In [2]:
import numpy as np
import pandas as pd

In [50]:
train = pd.read_csv('data/train.csv', encoding = 'utf8')
submit = pd.read_csv('data/sample_submission.csv')

In [38]:
test = pd.read_csv('data/test.csv', encoding = 'utf8')

In [4]:
data = {}
classes = train["class"].unique()
classes

array(['PLAIN', 'DATE', 'PUNCT', 'ORDINAL', 'VERBATIM', 'LETTERS',
       'CARDINAL', 'MEASURE', 'TELEPHONE', 'ELECTRONIC', 'DECIMAL',
       'DIGIT', 'FRACTION', 'MONEY', 'TIME'], dtype=object)

In [5]:
for c in classes:
    data[c] = train[train['class'] == c]

We will be considering all the classes one-by-one starting with the smallest error rate. We will also create a rule for each of them to predict the class for the test data then.

### 1. Predict [PUNCT] 'class' value | $0.00%$% error rate

In [6]:
data["PUNCT"].head()

Unnamed: 0,sentence_id,token_id,class,before,after
4,0,4,PUNCT,.,.
14,1,9,PUNCT,.,.
18,2,3,PUNCT,",",","
24,2,9,PUNCT,(,(
27,2,12,PUNCT,),)


In [38]:
punctuations = data['PUNCT']['before'].unique().tolist()

In [39]:
print (punctuations)

['/', '---', '-----', '(', '¡', '.', ']', '¿', ',', ':', '[', '?', '«', '—', '»', "'", ';', ')', '|', '--', '"', '!']


We want to make sure that the rule that we use is applied to the current class and is not applied to any other element in the dataset (in other words, this rule MUST give unique results for each class)

In [18]:
print (len(data['PUNCT']))
print (data['PUNCT']['before'].apply(lambda x: 1 if x in punctuations else 0).sum())
print (train['before'].apply(lambda x: 1 if x in punctuations else 0).sum())

2288640
2288640
2295197


In [44]:
2295197 - 2288640

6557

###  3.a Fix errors 

We see a number of dataset rows that have the same value that 'PUNCT' does, but don't belong to this class

In [46]:
train_not_punct = train[(train['class'] != 'PUNCT')]

In [47]:
train_punct_errors = train_not_punct[train_not_punct.apply(lambda row: row['before'] in punctuations, axis=1)]

In [51]:
train_punct_errors.head()

Unnamed: 0,sentence_id,token_id,class,before,after
604,44,5,PLAIN,—,до
1347,96,2,PLAIN,—,до
1371,96,26,PLAIN,—,до
1795,128,2,PLAIN,—,до
2434,172,12,PLAIN,—,до


In [54]:
train_punct_errors.before.value_counts()

—    6553
.       3
«       1
Name: before, dtype: int64

#### Fix ' —' letter

We firstly want to make sure, that all '—' punctuations has the same 'after' label

In [53]:
train_punct_errors[(train_punct_errors.before == '—') & (train_punct_errors.after != 'до')]
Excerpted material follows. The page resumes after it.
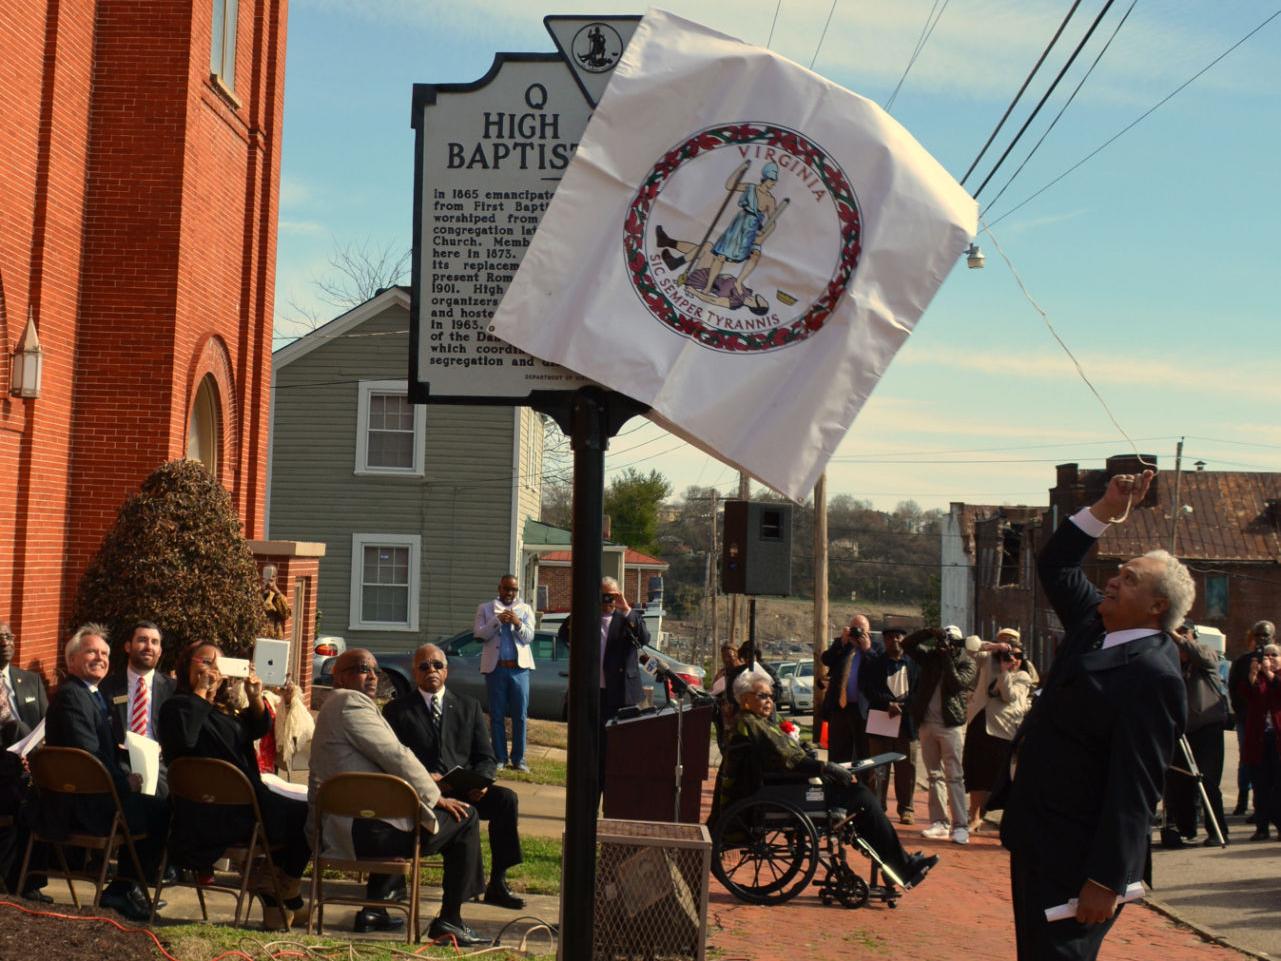 After 150 Years, High Street Baptist Church Earns Historical Marker | Local News | Godanriver.com

Unnamed: 0,sentence_id,token_id,class,before,after
6832525,492799,0,VERBATIM,—,—


It's definitely ok with this value, the class will be treated as PUNCT, not VERBATIM. Now we want to see the rest punctuation errors

In [74]:
train_punct_dash_errors = train_punct_errors.loc[(train_punct_errors.before == '—') & (train_punct_errors.after == 'до')]

In [76]:
train_punct_dash_errors['class'].unique()

array(['PLAIN'], dtype=object)

To fix the orher '—' marks, we need to see the sentence context, all this errors come from a "PLAIN" class

In [73]:
train[train.sentence_id == 128]

Unnamed: 0,sentence_id,token_id,class,before,after
1793,128,0,PLAIN,от,от
1794,128,1,CARDINAL,54,пятидесяти четырех
1795,128,2,PLAIN,—,до
1796,128,3,CARDINAL,64,шестьдесят четыре
1797,128,4,PLAIN,Treherne,т_trans р_trans е_trans е_trans р_trans н_trans
1798,128,5,PUNCT,",",","
1799,128,6,CARDINAL,1989,тысяча девятьсот восемьдесят девять
1800,128,7,PUNCT,",",","
1801,128,8,PLAIN,pp,п_trans п_trans
1802,128,9,PUNCT,.,.


It seems that all these '—' errors are transformed to 'до' and are more likely to be followed by 'от' word or 'с' word. Let's check this

In [93]:
train.loc[(train.sentence_id == 128) & (train.token_id == 0), 'before'].values[0] == 'от'

True

In [97]:
counter = 0
for i, row in train_punct_dash_errors.iterrows():
    token_id_dash = row['token_id']
    sentence_id = row['sentence_id']
    token_id_before = token_id_dash - 2
    value_before = train.loc[(train.sentence_id == sentence_id) & (train.token_id == token_id_before), 'before'].values[0]
    if value_before == 'от' or value_before == 'с':
        counter += 1
    else:
        print (train[train.sentence_id == sentence_id])

In [98]:
print (len(train_punct_dash_errors) == counter)

True


#### Fix '.' and '«' letters

In [55]:
train_punct_errors[(train_punct_errors.before == '.')]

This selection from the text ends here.